Dr. Toyoda took over as Toyota’s president in 1981. He kept the post for 11 years. Despite the difficulties of the times, just recovering from the oil crisis just 6 years past, Toyota entered the US market. Some thirty years earlier Shoichiro was assigned to do penetrate the US market with the Toyota Crown. He failed. The failure however taught him important lessons on how to make Toyota a globally recognized brand. He eventually re-established Toyota in the US with a partnership with General Motors. GM learned Japanese management and engineering techniques, while Toyota had a foothold in the US market.
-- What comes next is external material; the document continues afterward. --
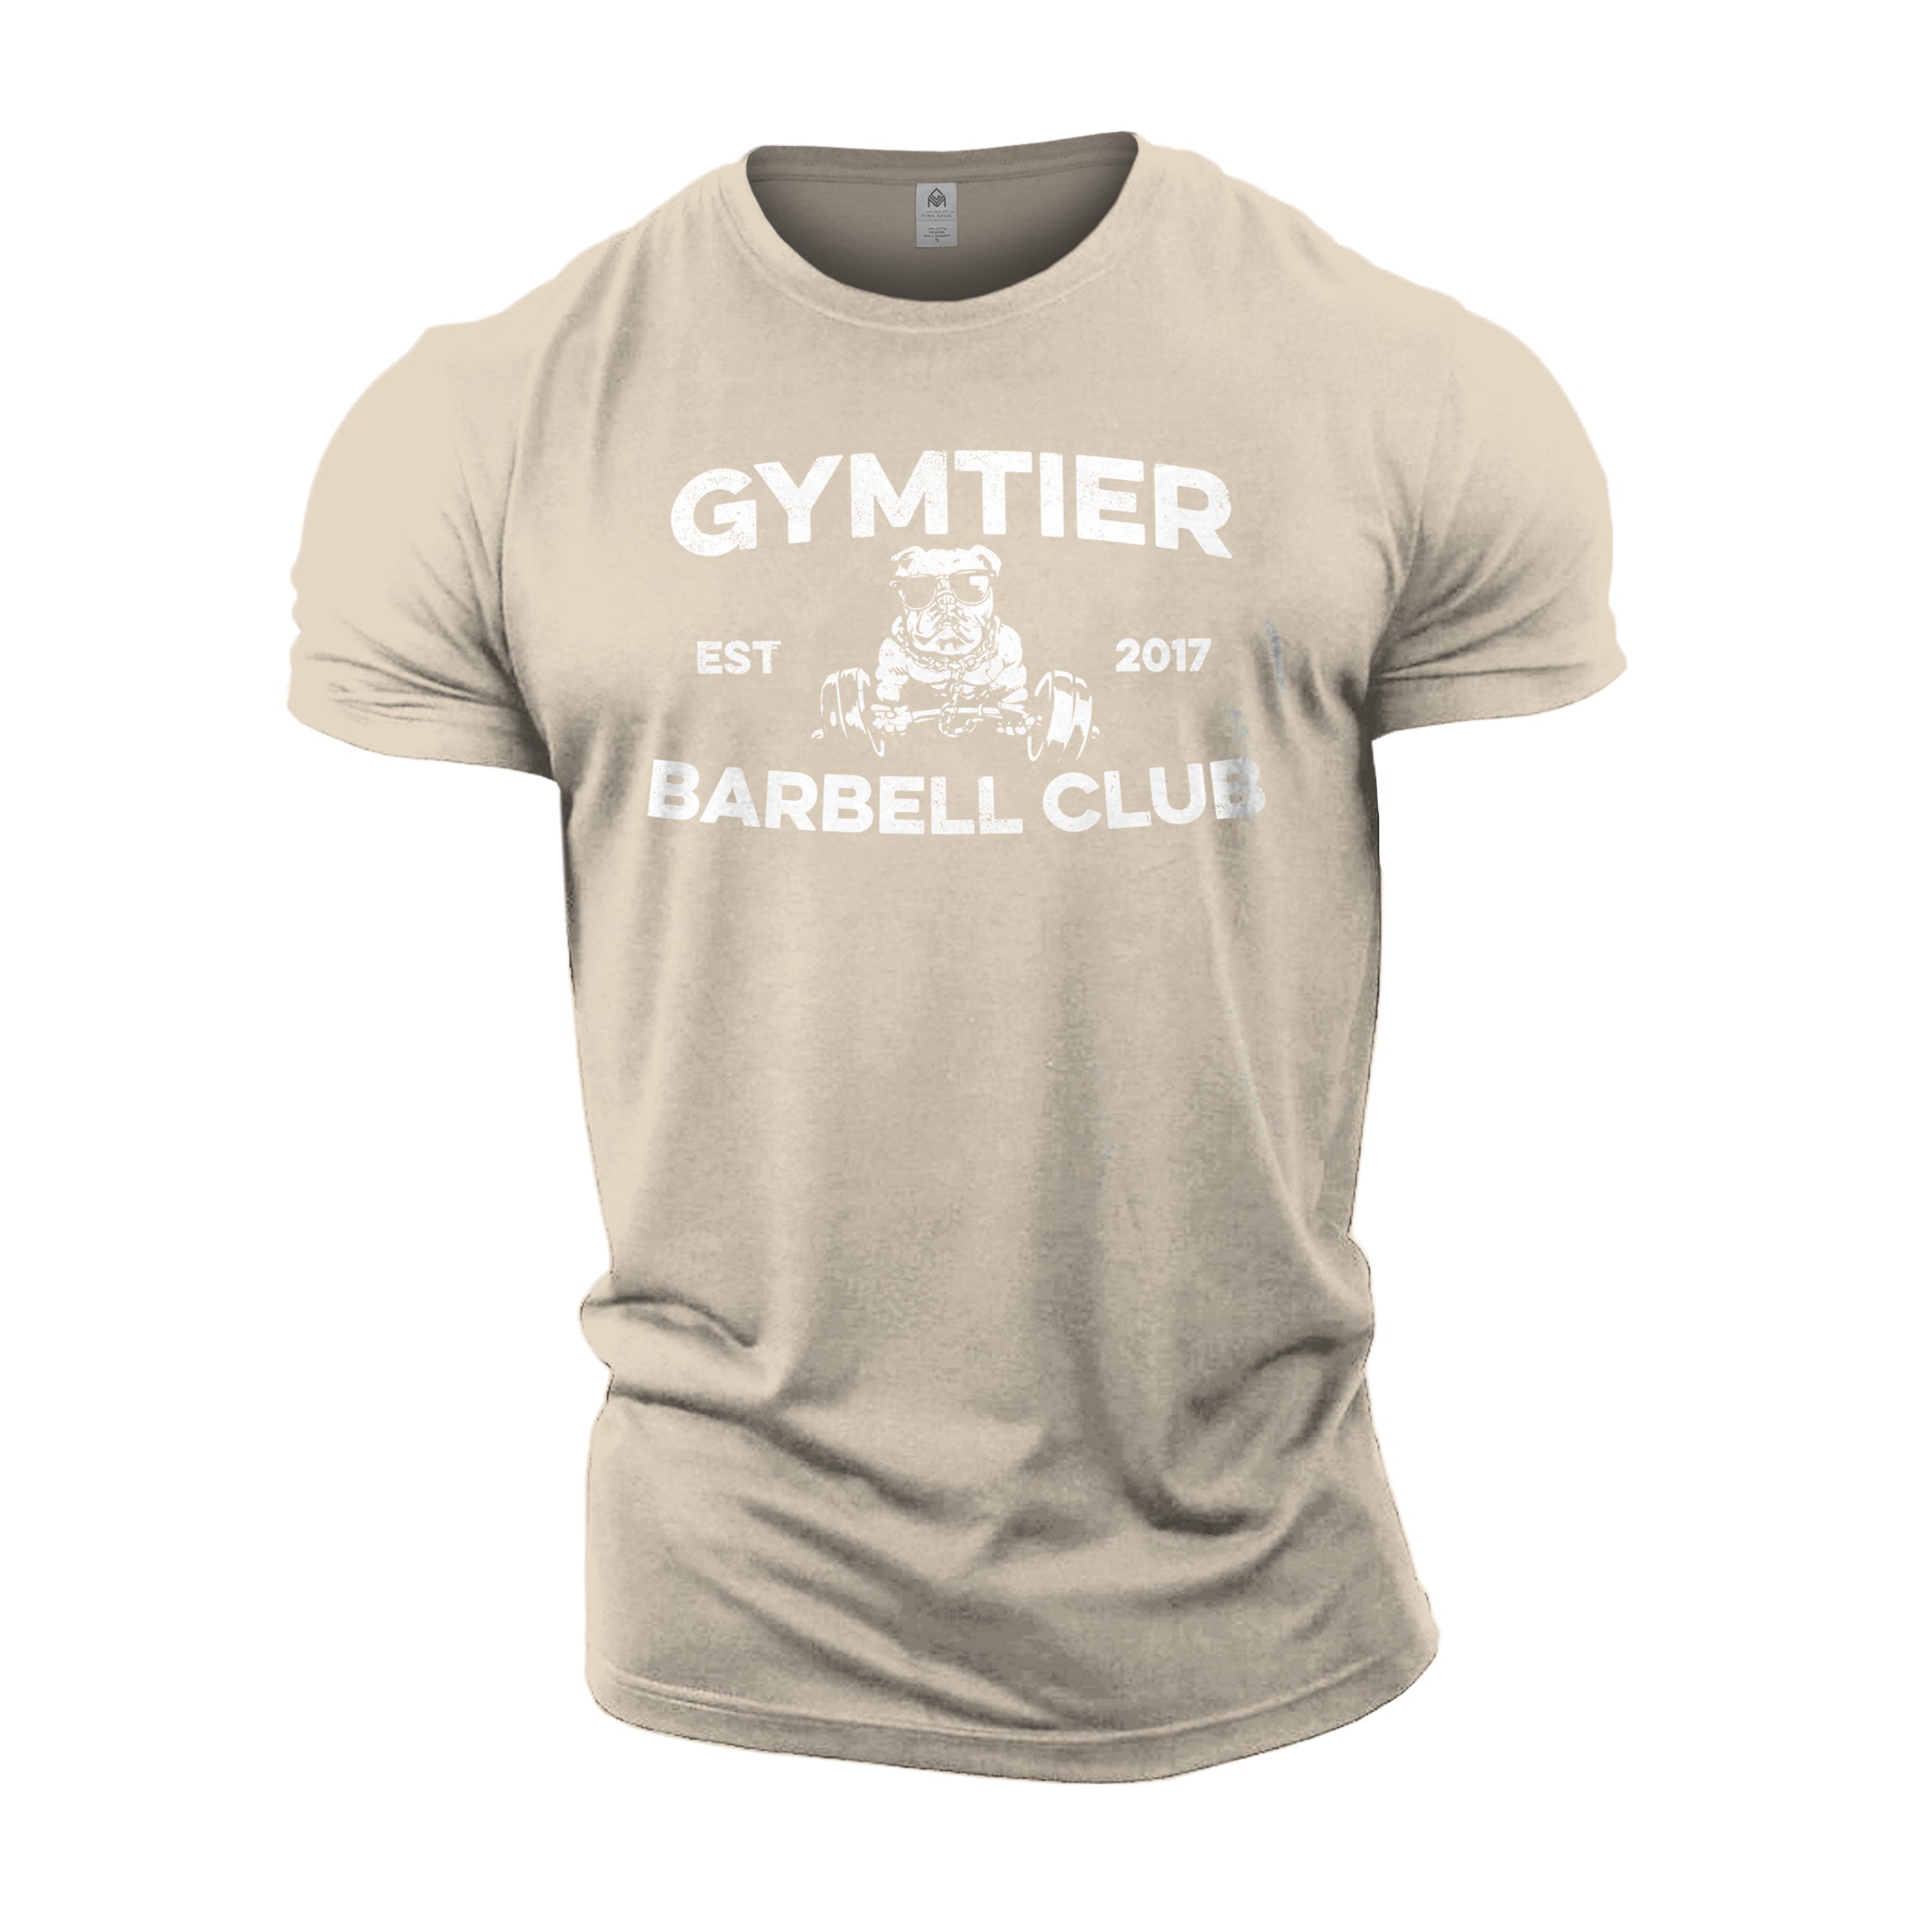 Gymtier Barbell Club - Pitbull - Gym T-Shirt

A true car enthusiast, Dr. Toyoda established a car club in when he was still at Nagoya University. According to a Nikkei report, he was a hands-on manager and was at the forefront of testing Toyotas during launch events. Even the legendary Toyota test driver Hiromu Naruse, known as the ‘driving doctor,’ for his skills in spotting problems in the cars during testing, valued Shoichiro’s skills as a driver.
Akio Toyoda learned from his father a love for cars, as he would join him in driving all sorts of vehicles, not only Toyota, or watch the races and drive in the many circuits across Japan. The elder Toyoda instilled in his son the code of “genchi genbutsu”–literally translated as ‘go and see for yourself” which made Aiko always in touch with his customers, the employees, and the production processes. Akio also learned driving from Naruse and took the pseudonym ‘Morizo’ when he is racing or doing performance testing.
“Genchi genbutsu” also led Dr. Toyoda’s philanthropical pursuits.
In 2012, he accepted the chairmanship of the Toyota Motors Philippines (TMP) School of Technology. When TMP Chairman George Ty personally communicated the plans for the technical school, designed specifically for the training of Toyota after-sales technicians who will be deployed in service centers in the Philippines and abroad. Dr. Toyoda was enthralled with the idea and immediately supported it.
Shoichiro Toyoda’s transformational leadership steered Toyota into the automotive giant it is today.